Suicides are not inevitable. An inclusive society that avoids the marginalisation of individuals and which supports people at times of personal crisis will help to prevent suicides. Government and statutory services also have a role to play. We can build individual and community resilience. We can ensure that vulnerable people in the care of health and social services and at risk of suicide are supported and kept safe from preventable harm. We can also ensure that we intervene quickly when someone is in distress or in crisis.
In developing a new national all-age suicide prevention strategy for England, the Government have built on the successes of the earlier strategy published in 2002. Real progress has been made in reducing the already relatively low suicide rate to record low levels. One of the main changes from the previous strategy is the greater prominence of measures to support families—those who are worried that a loved one is at risk and those who are having to cope with the aftermath of a suicide.
There is no single approach to suicide prevention. It needs a broad co-ordinated system-wide approach that requires input from a wide range of partner agencies, organisations and sectors.

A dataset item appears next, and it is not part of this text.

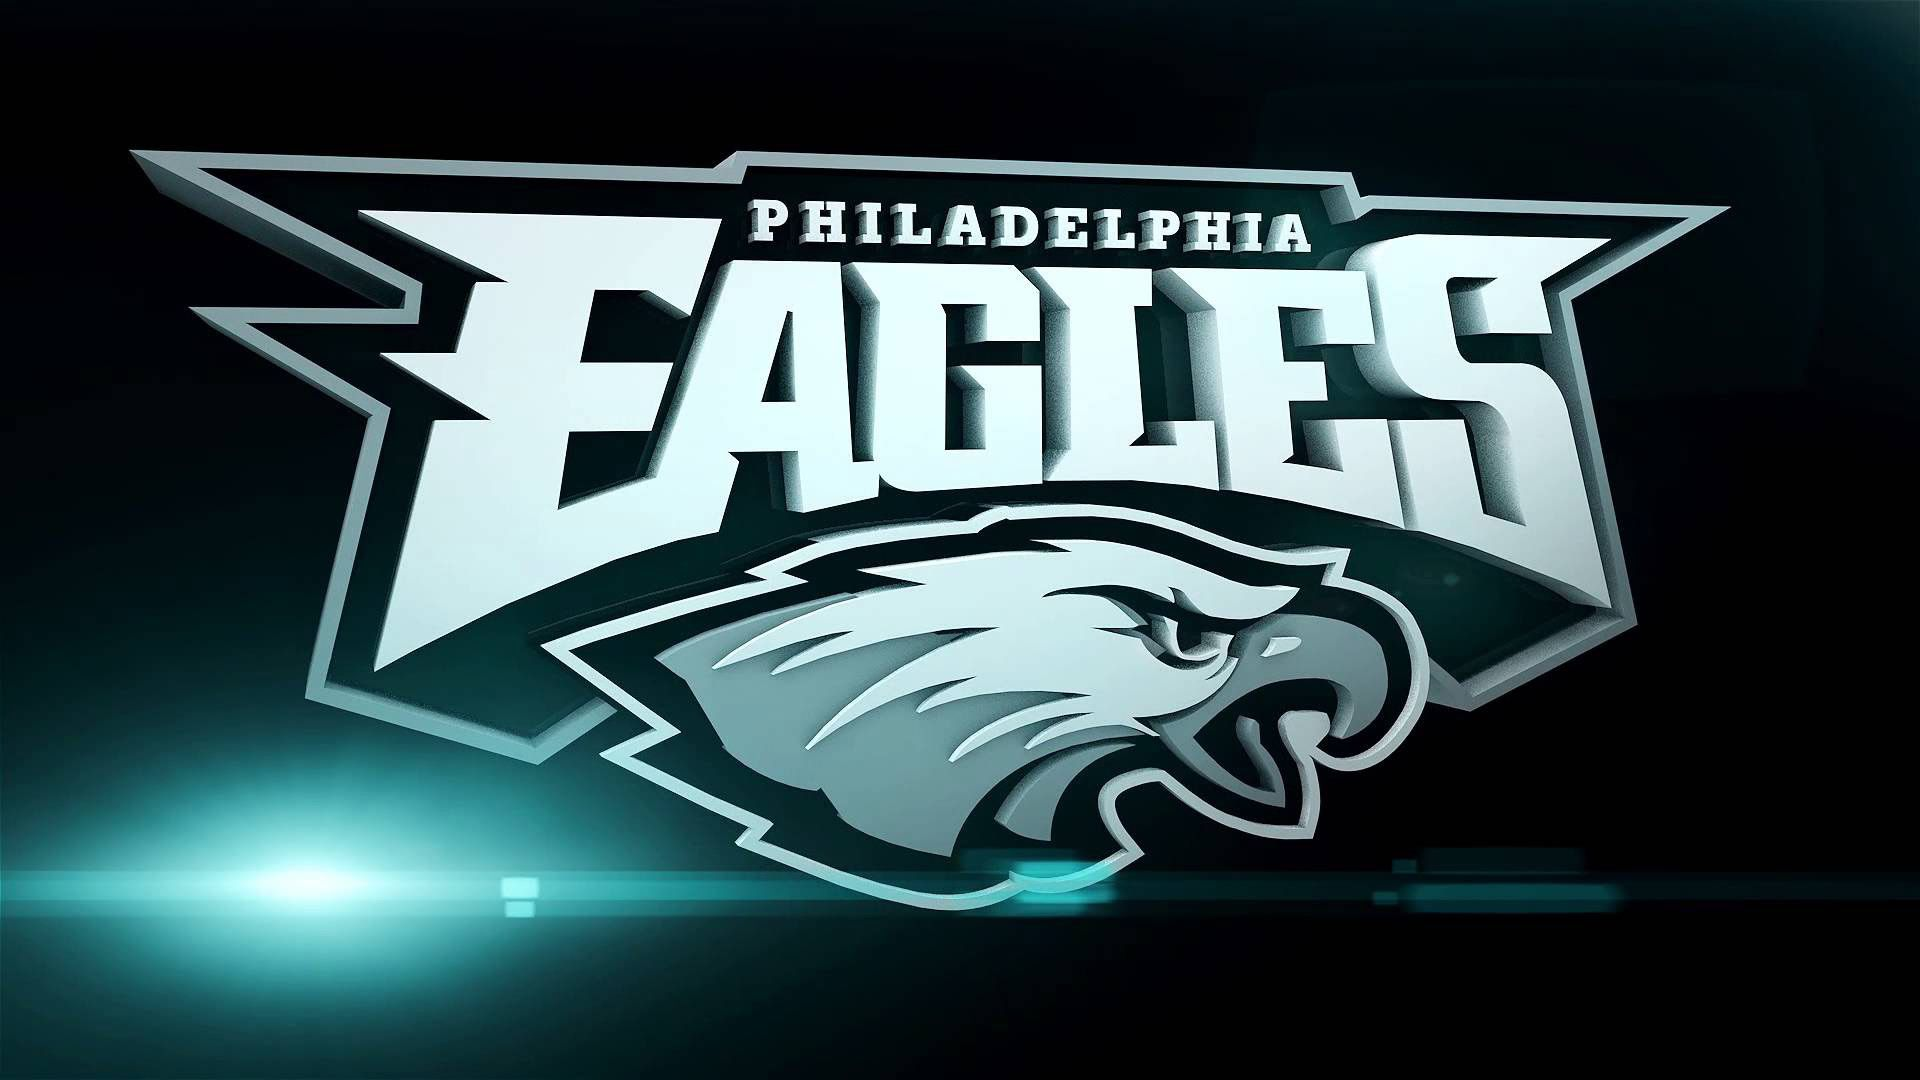 Philadelphia Eagles Screensavers Wallpaper HD Wallpapers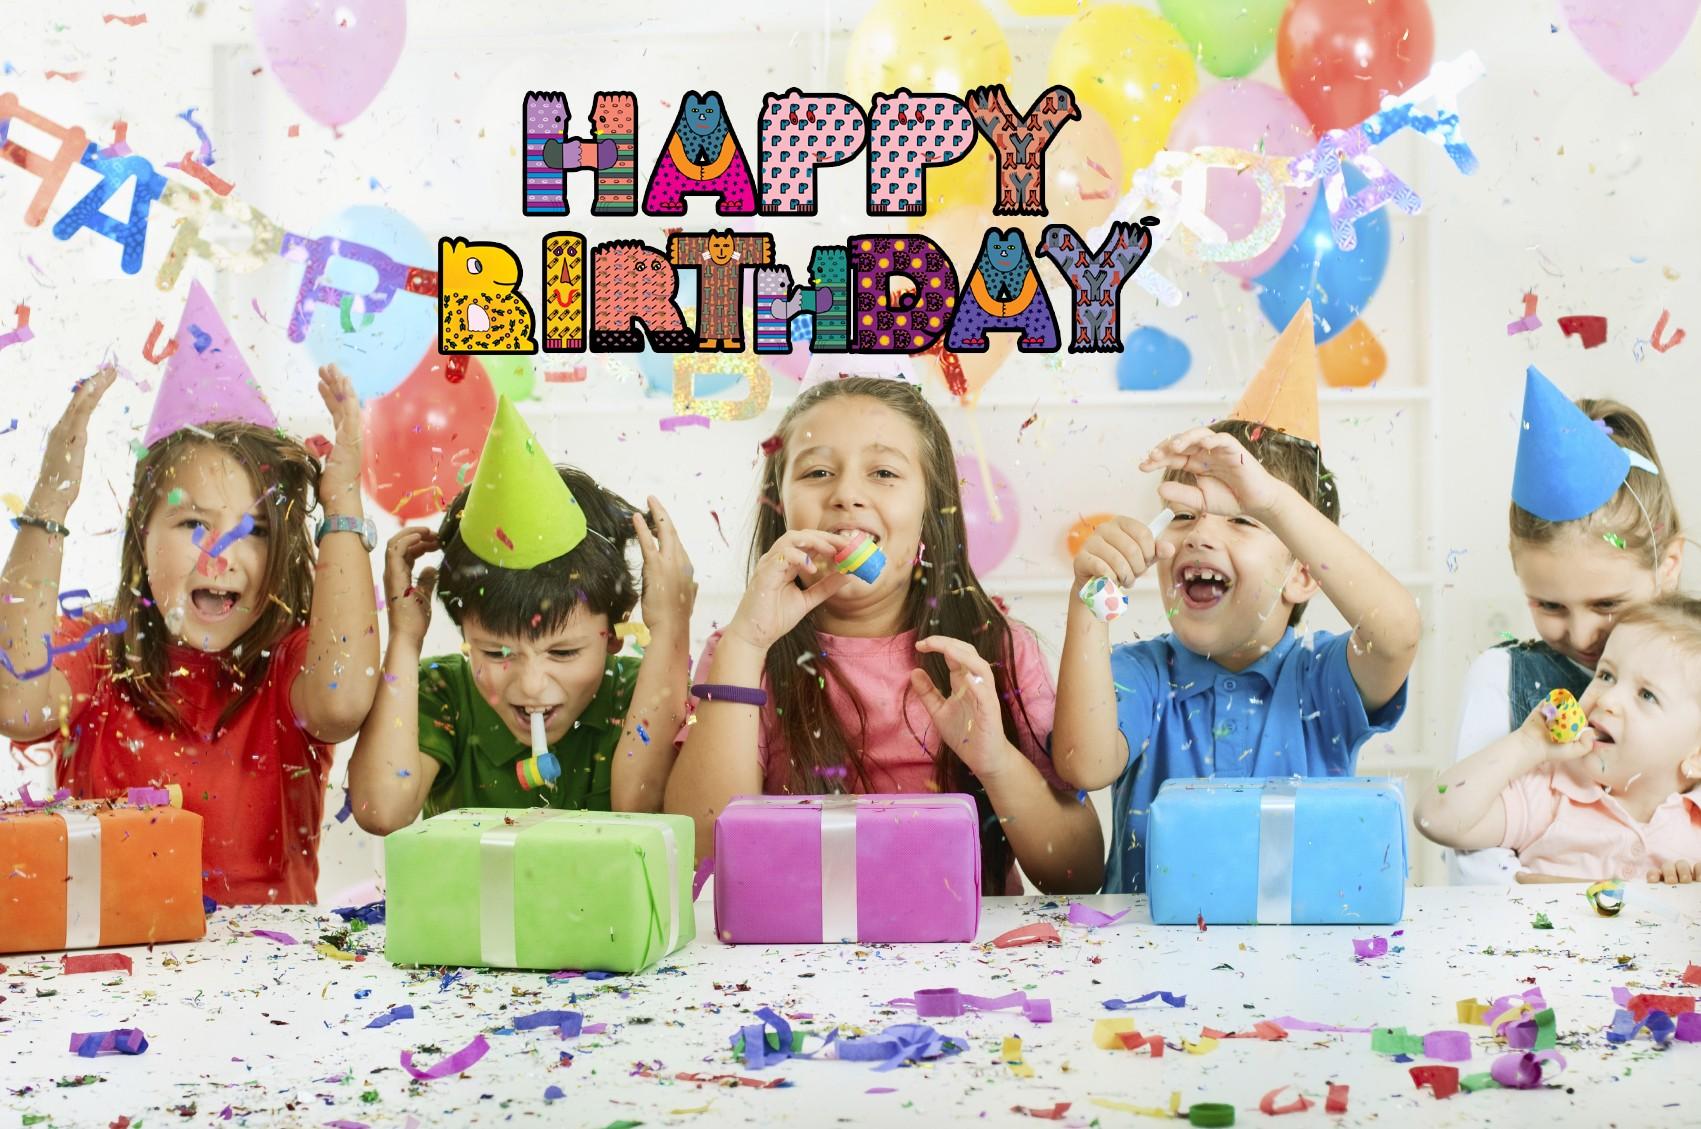 happy birthday images child - happy birthday images child - Wallpapers, hd-wallpapers, HD, Free, Birthday, 4k-wallpapers, 4k

People who have been directly affected by the suicide of a family member or friend, the voluntary, statutory and private sectors, academic researchers and Government Departments can all contribute to a sustained reduction in suicides in England.
The draft strategy sets out our overall objectives:
a reduction in the suicide rate in the general population in England; and
better support for those bereaved or affected by suicide.
We have identified six key areas for action to support delivery of these objectives:
reduce the risk of suicide in key high risk groups;
tailor approaches to improve mental health in specific groups;
reduce access to the means of suicide;
provide better information and support to those bereaved or affected by a suicide;
support the media in delivering sensible and sensitive approaches to suicide and suicidal behaviour; and
support research, data collection and monitoring.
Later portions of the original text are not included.